Dawidoff told his Norwich audience that until they’re inextricably unified as teammates on game day, offensive and defensive players view each other with “enmity” and “disaffection.”
“They wear different colored uniforms and practice on opposite sides of the field. ... It’s all part of the tension throughout football,” he said. “I would argue that defense is tougher. The offense knows what they want to do, and the defense has to respond.”
Dawidoff was picked on by players, he said, “for driving a mini coupe in a culture of SUVs,” and for his dietary habits.
“During meals, I think I was the only one who ate the beets that were available. I love beets,” Dawidoff said. “I still get text messages from players with pictures of beets, who think of me every time they see them,” he said.
The author wasn’t just teased, however. Some of the Jets’ personnel — including Ryan — made a point to open up to him. Not long after the draft, Dawidoff was eating lunch in the team cafeteria when Ryan plopped down beside him.
“(He) proceeded to tell me about his son Seth’s recent junior varsity high school baseball exploits in such a way that I felt instantly absorbed in the story, invested in whether or not Seth would soon be called up to the varsity,” he said.
While Ryan may come off brash in news conference sound bites, Dawidoff has always found his liveliness engaging.
“I’ve always seen him as more charismatic than a braggart,” Dawidoff said. “He has a strategic gift for football and sees things on the field that other people don’t see, and his confidence and enthusiasm is something that people who are on his team love. He makes it so you want to do things for him, which in the end, isn’t that what you’re looking for in a coach?”
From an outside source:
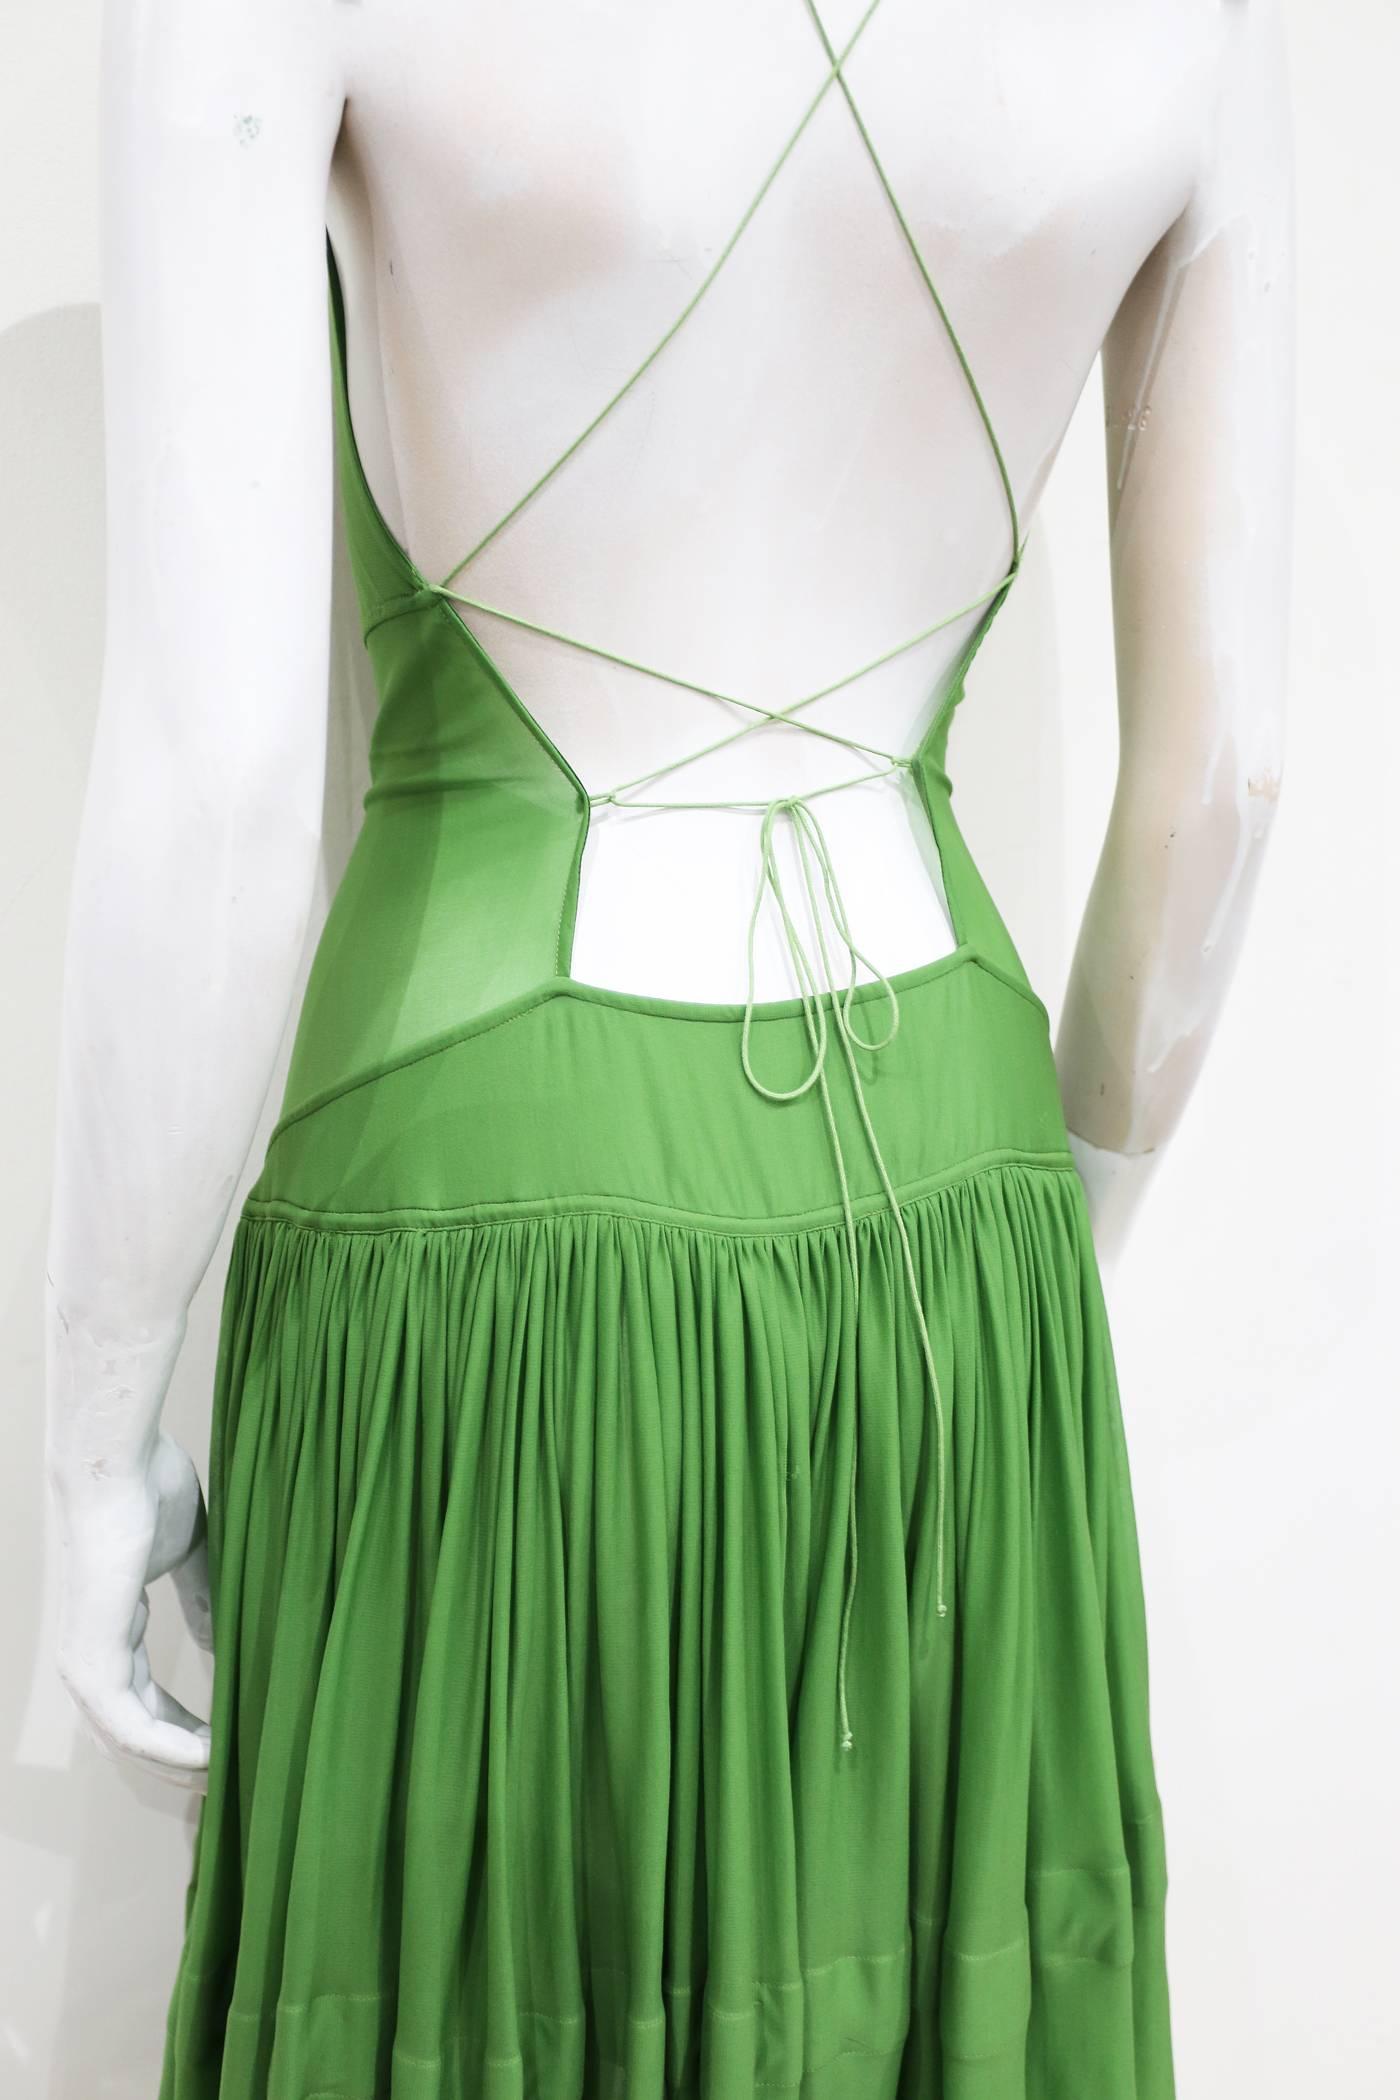 Women's Alaia green lace up pleated evening dress

Dawidoff was asked by Powers about the physical pain involved with football and how it’s handled by players. The author essentially answered that it’s a culture of denial.
“When you ask players about getting hurt, they’ll usually say something like, ‘everybody gets hurt, you just have to try not to get hurt worse,’ ” he said.
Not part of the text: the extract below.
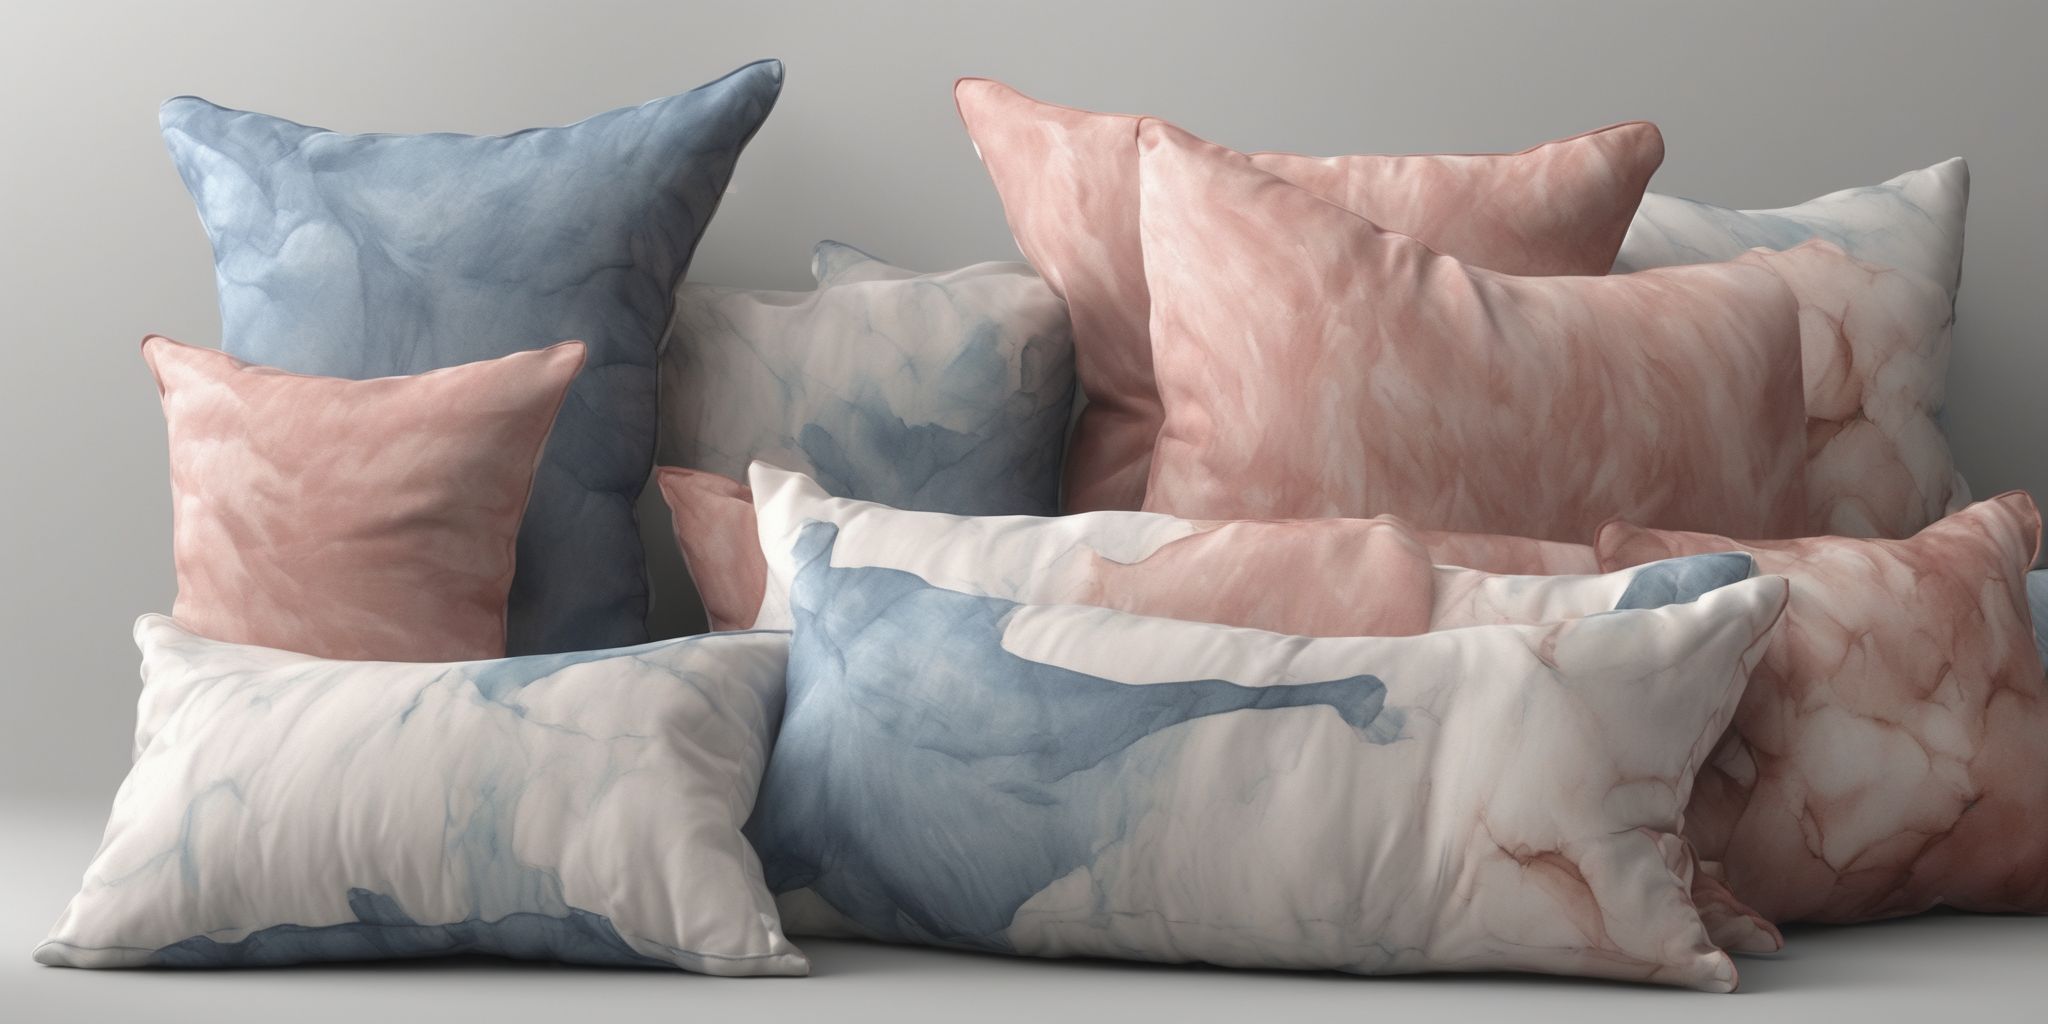 Pillows  in realistic, photographic style

“With some, there’s a gladiator complex where players don’t think they can get hurt, that it can’t happen to them. I’ve heard a whole litany of reasons players have said as to why they won’t get hurt.”
During the question-and-answer session with the audience, Dawidoff was asked several times about the new science strongly linking the effects of playing football with traumatic brain injuries (TMIs). Last summer, the NFL reached a multi-million dollar settlement with more than 4,500 retired players and their families, who’d sued the league claiming it withheld information about the dangers of head trauma associated with the game.
Dawidoff called the stories of former players suffering from TMI’s “heartbreaking,” and said most Jets personnel weren’t keen on addressing the issue.
“By and large, it was never discussed and they didn’t want to talk about it,” the author said. “Many of them looked at it as though it were a league problem, or a medical (personnel) problem, that it wasn’t their concern. Some of them were a little bit old school and thought the league was getting soft.”
Dawidoff thinks there will always be tackling in football, but thinks eventually defenders will only be allowed to hit offensive players in the torso.
“One of the reasons the sport is so popular is because it evolves and keeps changing with the times,” he said.
“In a lot of ways, football came of age with TV, and at the heart of the NFL is business. It won’t be out of the kindness of anybody’s heart, but once the league starts getting hit in the pocketbook by all of the concern over TMIs, it will evolve or become marginalized like boxing.”